Second is strtok(line, " \t\v\r\n\f"). The second string there contains a space, tab, vertical tab, carriage return, line feed, and form feed (the standard "white space" characters). This strtok returns the first "token" in the line made entirely of characters other than white space. You will also want to use strtok(NULL, " \t\v\r\n\f"), which returns the next token in the same line. When there are no tokens left in the line, strtok returns NULL.

This particular assembly language is defined so you can tell what any token is by the first character. Feel free to take advantage of that!

sscanf(token, "%i", &val) will convert a string to an integer, including doing any C-style integer conversions (handling signed, decimal, hex with leading 0x, etc.)

fprintf(oFile, "0x%08x,\n", val) will print one integer in the expected output format (hex integer, padded with 0's to eight characters wide)

You'll probably want to use these bitwise logical operators to manipulate the bits of the encoding: a & b is a bitwise and. It may be exceptionally useful for masking (for example, val & 0xFFFF will keep just 16 bits of a signed integer value). a | b is a bitwise or. It may be useful for composing parts of the encoded instruction together. a<<b (or a>>b) shift a left (or right) by b bits. This may be useful for positioning the parts of the encoded instruction to combine.

You may see references to some labels before their location is defined. There are two approaches you can use to deal with that. The first is to take a first pass through the file counting words and collecting label addresses, then use rewind(file) to start over. The second is to store the addresses of unresolved labels in a data structure, then fill them in when you find the definition of the label.

Submitting

All electronic submissions in this class will be done using the CVS version control system. You should look at the class CVS instructions before you start work. To get full credit for your submission, you should (1) check out a copy of the empty hw1 directory before you start, (2) do your work in that checked out copy, (3) submit several intermediate checkins with short but useful messages (e.g. "parsing works!"), and (4) check in your final submission before class starts on the day of the deadline.

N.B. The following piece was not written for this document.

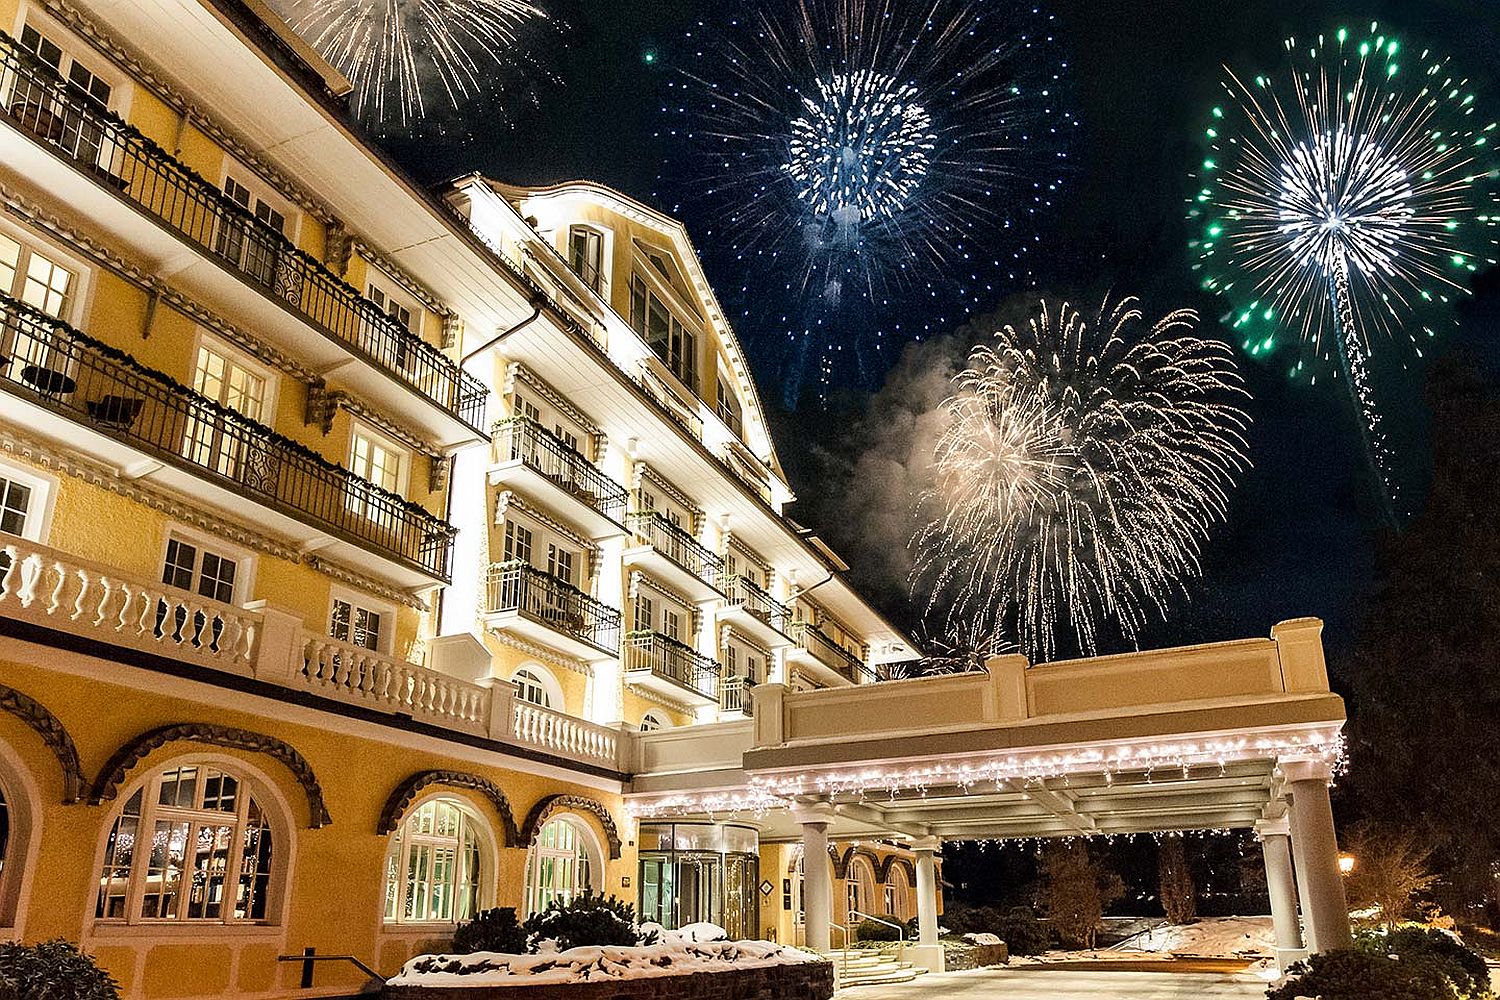 Celebrate this festive season at arguably the most luxurious hotel in Gstaad, Switzerland

Include a short file named "readme.txt" that describes how to build and run your program, as well as a description of any known problems or bugs. If your program is contained in a single C or C++ file, say named "program.c", just running "make program" should suffice to build it, but we need to know the name of your program. Bugs you identify in your readme will lose only half points. Bugs you don't identify that are found during grading will lose full points.